I know it is not a happy subject, but having had a friend that brought bed bugs to her home after staying in a Marriott Hotel and subsequently had to spend over four thousand dollars to fumigate her home. I have become an informed consumer. I now review the web site, "bed bug registry" before I rent a hotel room. We often stay in Southern California, Santa Monica, Manhattan Beach and Mission Viejo. So many Marriott Hotel's have bed bugs that I am going to align myself with another hotel chain.  Do any of you have  suggestion?  My goal is to be able to accumulate points for hotel use. I can sort out the bed bug issue. Thank you


----------



## DeniseM (Mar 12, 2015)

It's not just Marriott - it's virtually every hotel in the world - including the very top properties.  

People bring bedbugs into their accommodation in their clothes, luggage, and other possessions.

It's not the hotel's fault, there is nothing the hotel can do to _prevent_ it, and all you can do is be aware….

Bedbugs are actually not very difficult to spot, if you examine the mattress:


----------



## BocaBoy (Mar 12, 2015)

mvc said:


> I know it is not a happy subject, but having had a friend that brought bed bugs to her home after staying in a Marriott Hotel and subsequently had to spend over four thousand dollars to fumigate her home. I have become an informed consumer. I now review the web site, "bed bug registry" before I rent a hotel room. We often stay in Southern California, Santa Monica, Manhattan Beach and Mission Viejo. So many Marriott Hotel's have bed bugs that I am going to align myself with another hotel chain.  Do any of you have  suggestion?  My goal is to be able to accumulate points for hotel use. I can sort out the bed bug issue. Thank you



So you are saying that Marriott hotels have a bed bug problem much worse than other chains?  As a lifetime platinum with many hundreds of nights and never one bed bug problem, I am a  little skeptical.  I am also more than skeptical that it costs $4,000 to get rid of them in a house.


----------



## DeniseM (Mar 12, 2015)

BocaBoy said:


> So you are saying that Marriott hotels have a bed bug problem much worse than other chains?  As a lifetime platinum with many hundreds of nights and never one bed bug problem, I am a  little skeptical.  I am also more than skeptical that it costs $4,000 to get rid of them in a house.



It could cost $4,000 - especially if the house was very infested, before they treated it.  They may have had to throw out upholstered furniture and mattresses, because they are very hard to treat.  Bed bugs are far harder to get rid of than other parasites, because they can live for months without food, and they can live anywhere - they don't have to be "on" a human, like head lice do.

*As a former teacher, I know a lot more about parasites, than I really want too!   

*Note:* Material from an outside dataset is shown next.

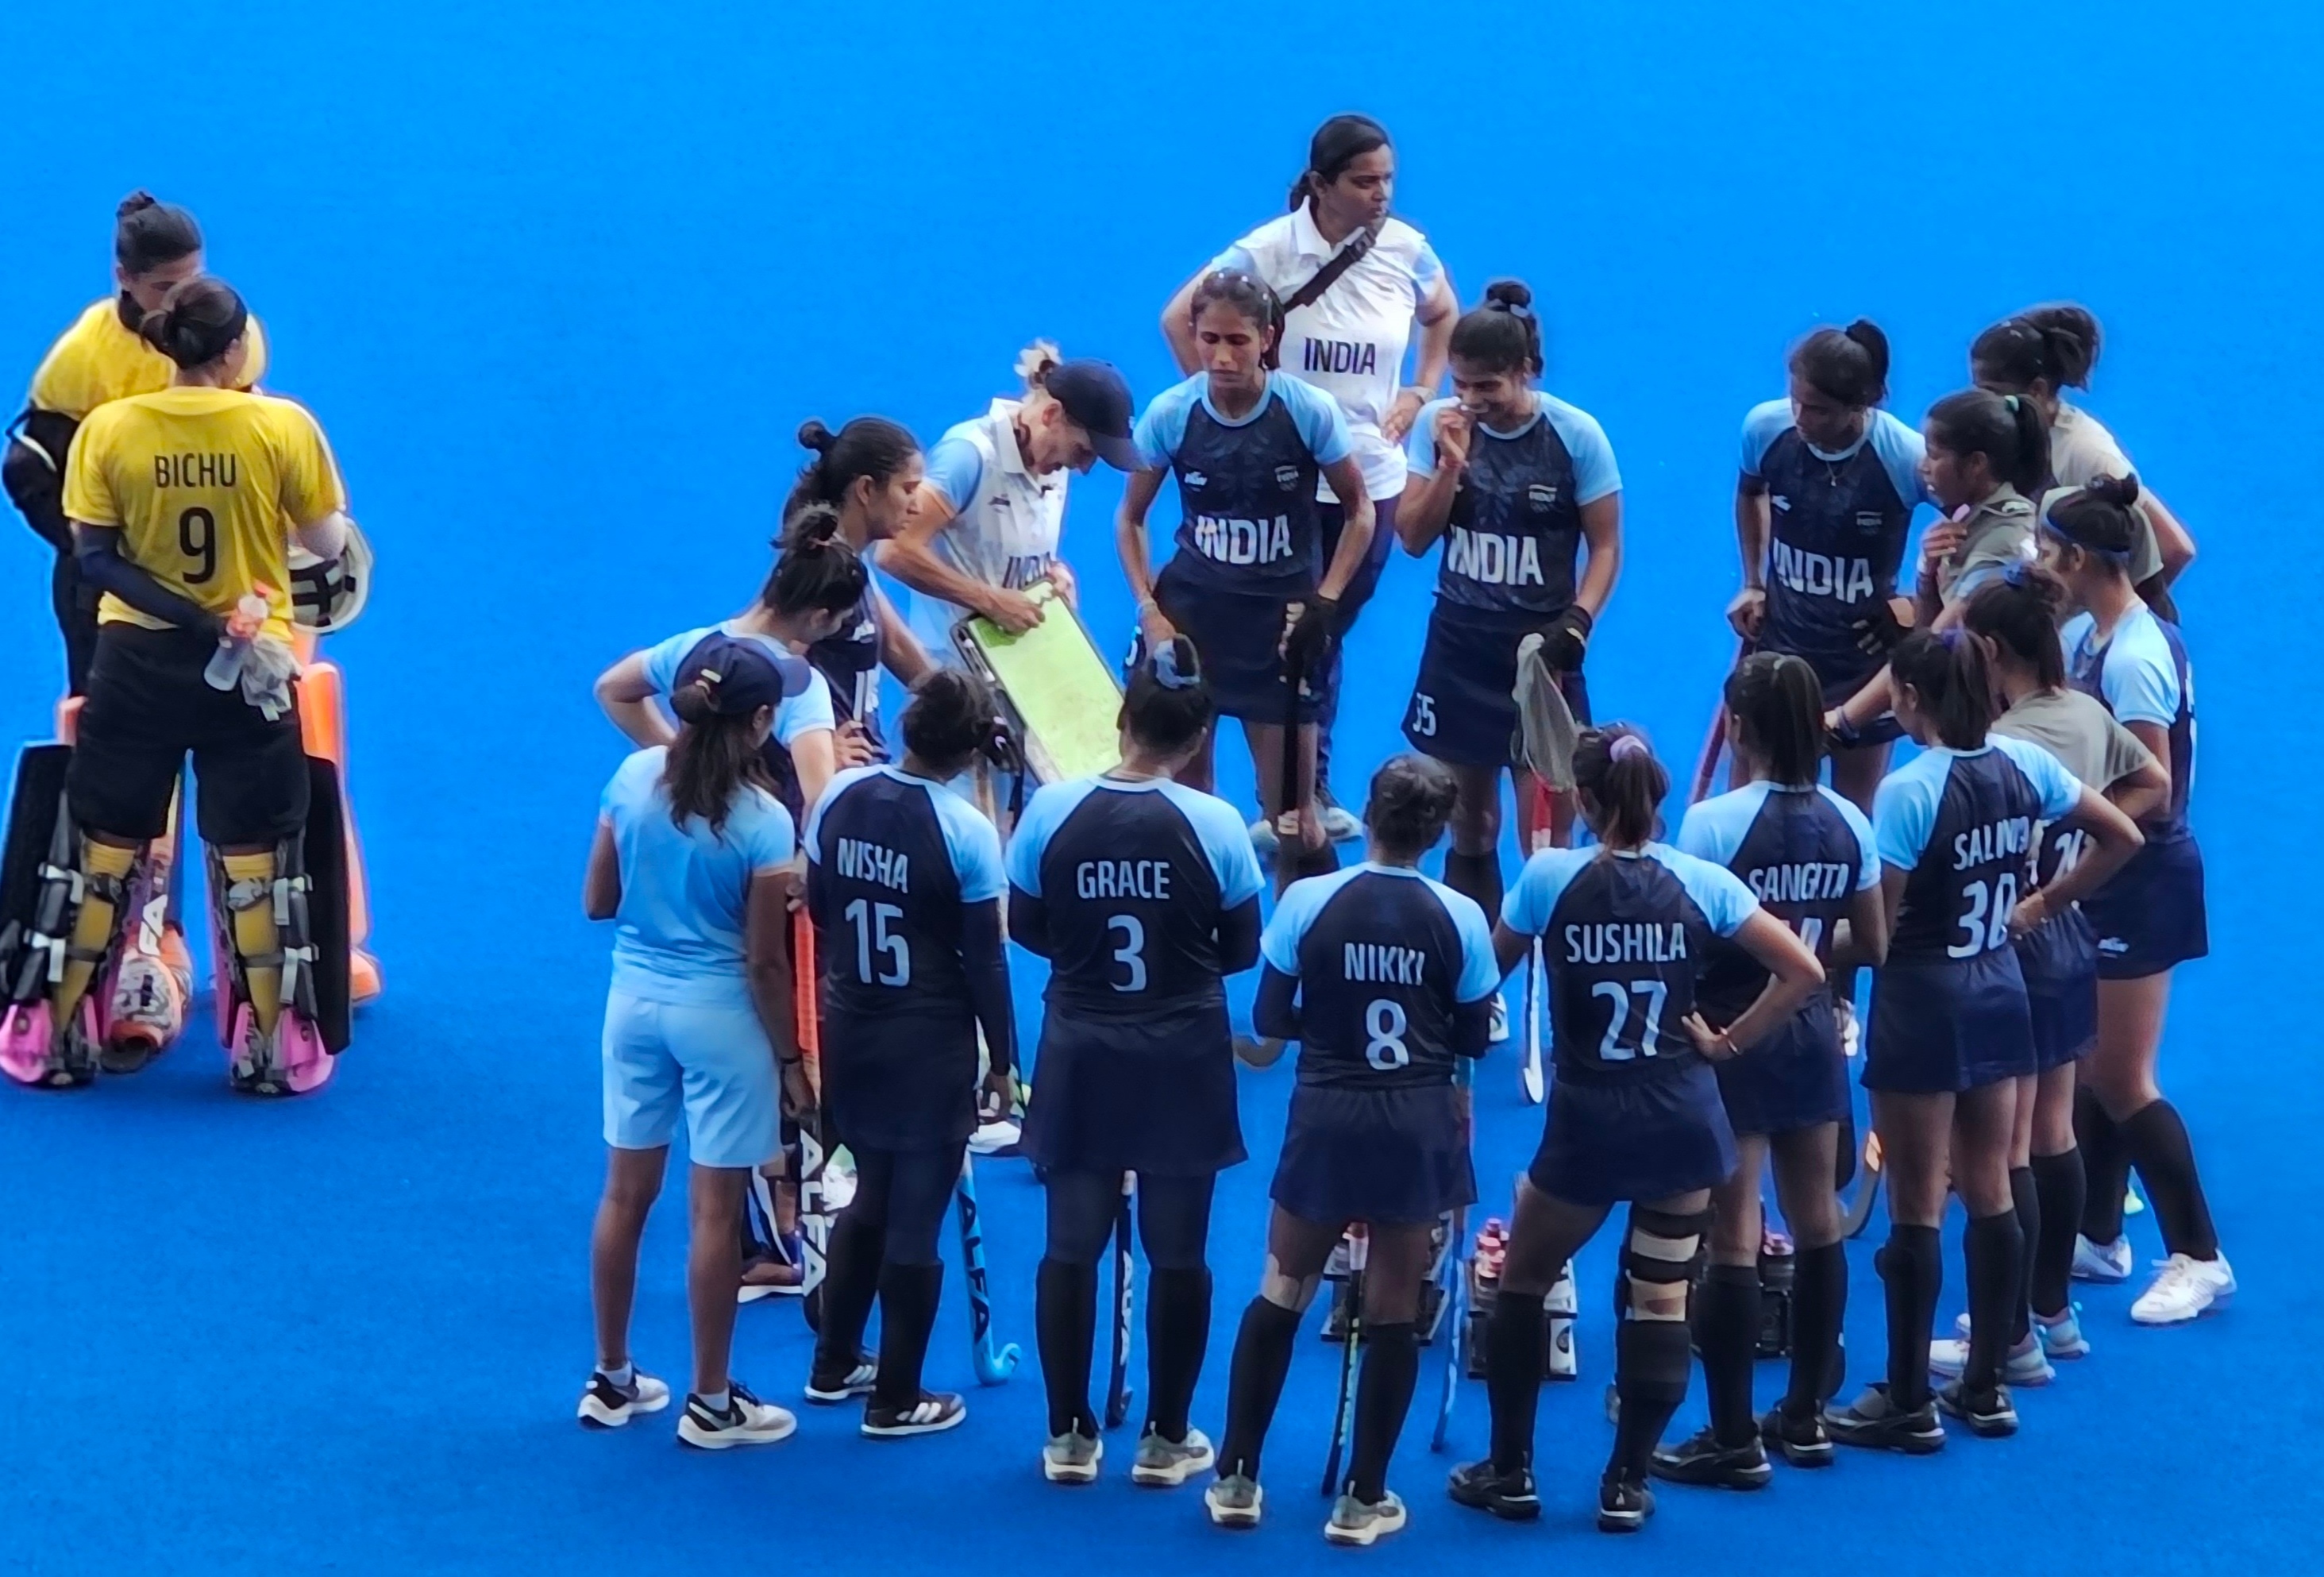 Indian Women's Hockey Team kicks off their Asian Games campaign with a commanding 13-0 victory against Singapore

I've been fortunate to experience head lice, bed bugs, scabies and pubic lice, in my classroom!


----------



## ilene13 (Mar 12, 2015)

I always check the hotels I stay at on the bedbug registry and then I check the mattresses in the rooms.
During week 52, 2013 a guest at the Aruba Surf Club was screaming that her villa had bed bugs.  When maintenance got up to the villa, they could not find any on the mattresses etc.  They asked if they could check the guest's luggage--guess what she had brought them from home.  It was hilarious, because she was making a huge scene in the lobby!!


----------



## ChrisandBeth (Mar 12, 2015)

$4,000.00 is believable. It's not just fumigation ( often twice), it's replacing the mattresses box springs, couches etc that are affected. 
When we had a problem several years ago we opted to replace all the kid's beds but having just spent 1500 on a new box spring and mattress for our own bed, we opted to buy a bed bug proof zippered cover for the master bedroom.
Our costs were over 2,000.00.

Bed bugs have no societal class. They can strike at a top of the line Marriott or Motel 6.

So, wherever we go, hotel rooms, time shares or friends' homes, we check. We pull back the corded edge on all 4 corners of all mattresses.

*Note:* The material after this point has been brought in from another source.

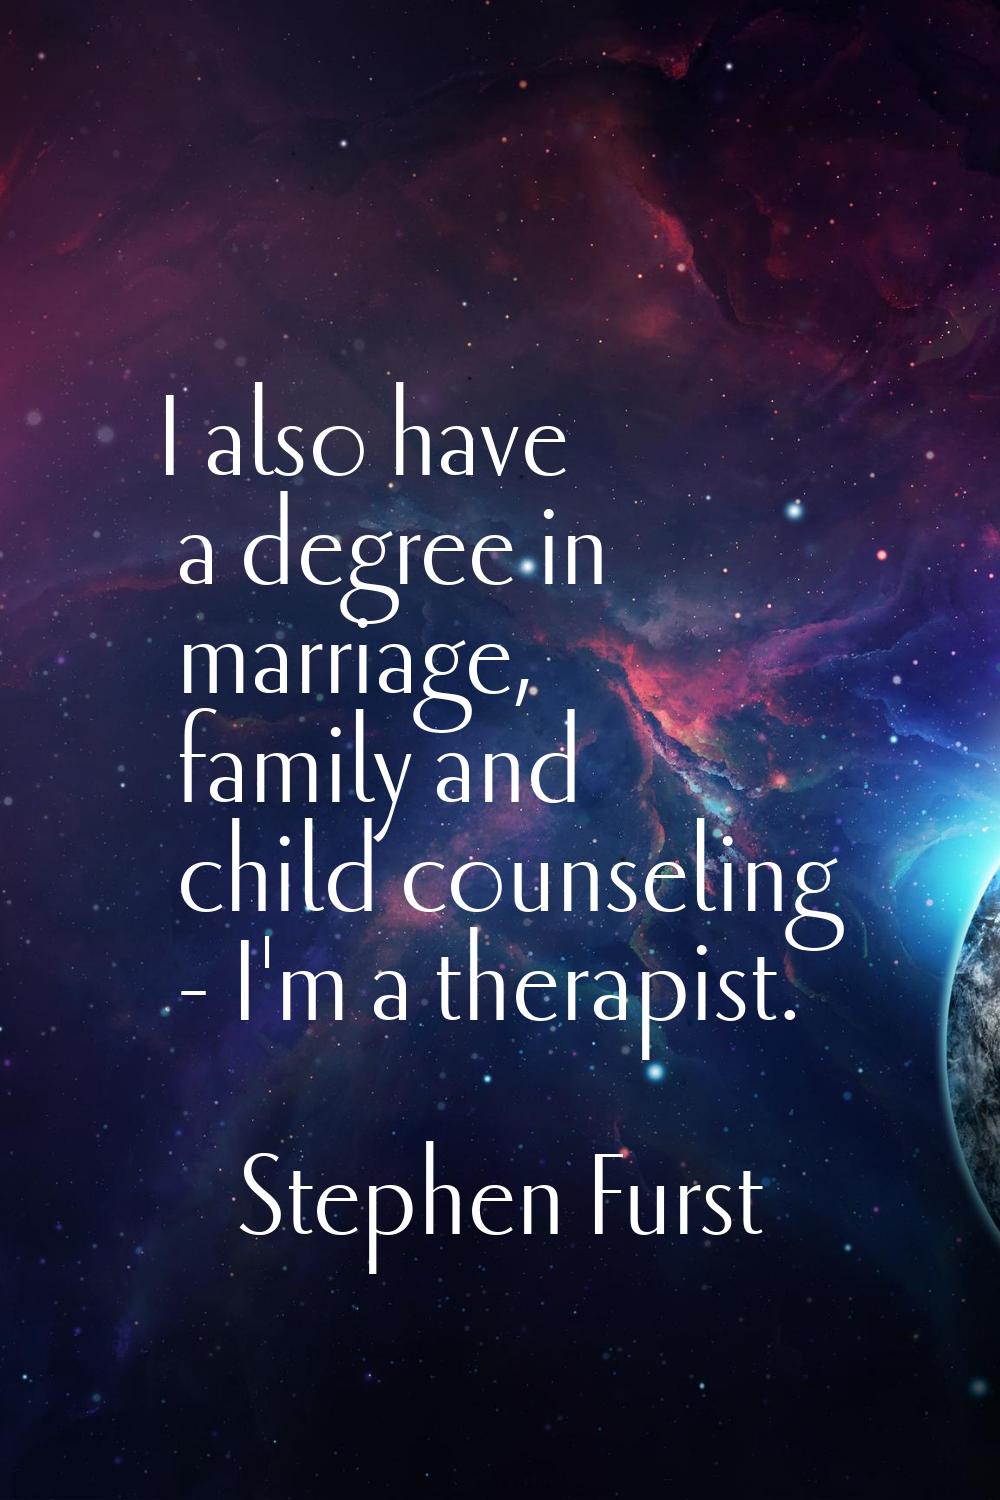 I also have a degree in marriage, family and child counseling - I'm a therapist.

We never leave our luggage on the floor with clothes in them.

At time shares with laundry we often wash everything on our last day.

We are still not bed bug proof but we are literally, once bitten twice shy.


----------



## Passepartout (Mar 12, 2015)

You may not be able to avoid bed bugs in hotels, but by keeping your luggage and clothing off hotel beds, you'll go a long way toward not taking them home with you. So far (knock wood) it's worked for us.

Jim


----------



## dioxide45 (Mar 12, 2015)

Another thing is, bedbugs can be in one room and not in another. So checking a registry is rather meaningless.


----------



## BocaBoy (Mar 13, 2015)

OK guys, one word on my comments about the $4,000.  The OP said it cost the friend $4,000 "to fumigate her home."  Nothing was said about replacing furniture, etc.  Of course, if you replace lots of stuff the cost could be as high as you want to go.  I was just responding to the facts and statements as presented and I stand by my statement.


----------



## n777lt (Mar 13, 2015)

We had a bedbug scare a couple of years ago - after one day I was itching so badly I was in agony - I could not sleep. Slathered on Benadryl gel, called the front desk, and within 30 minutes a team came up and removed and replaced the bed mattress, and fumigated the room (we had to leave of course).

I have never seen such prompt reaction!

And of course, it turned out that I had merely had an allergic reaction to a suntan lotion...but the management action was very reassuring.


----------



## saabman (Mar 13, 2015)

BocaBoy said:


> OK guys, one word on my comments about the $4,000.  The OP said it cost the friend $4,000 "to fumigate her home."  Nothing was said about replacing furniture, etc.  Of course, if you replace lots of stuff the cost could be as high as you want to go.  I was just responding to the facts and statements as presented and I stand by my statement.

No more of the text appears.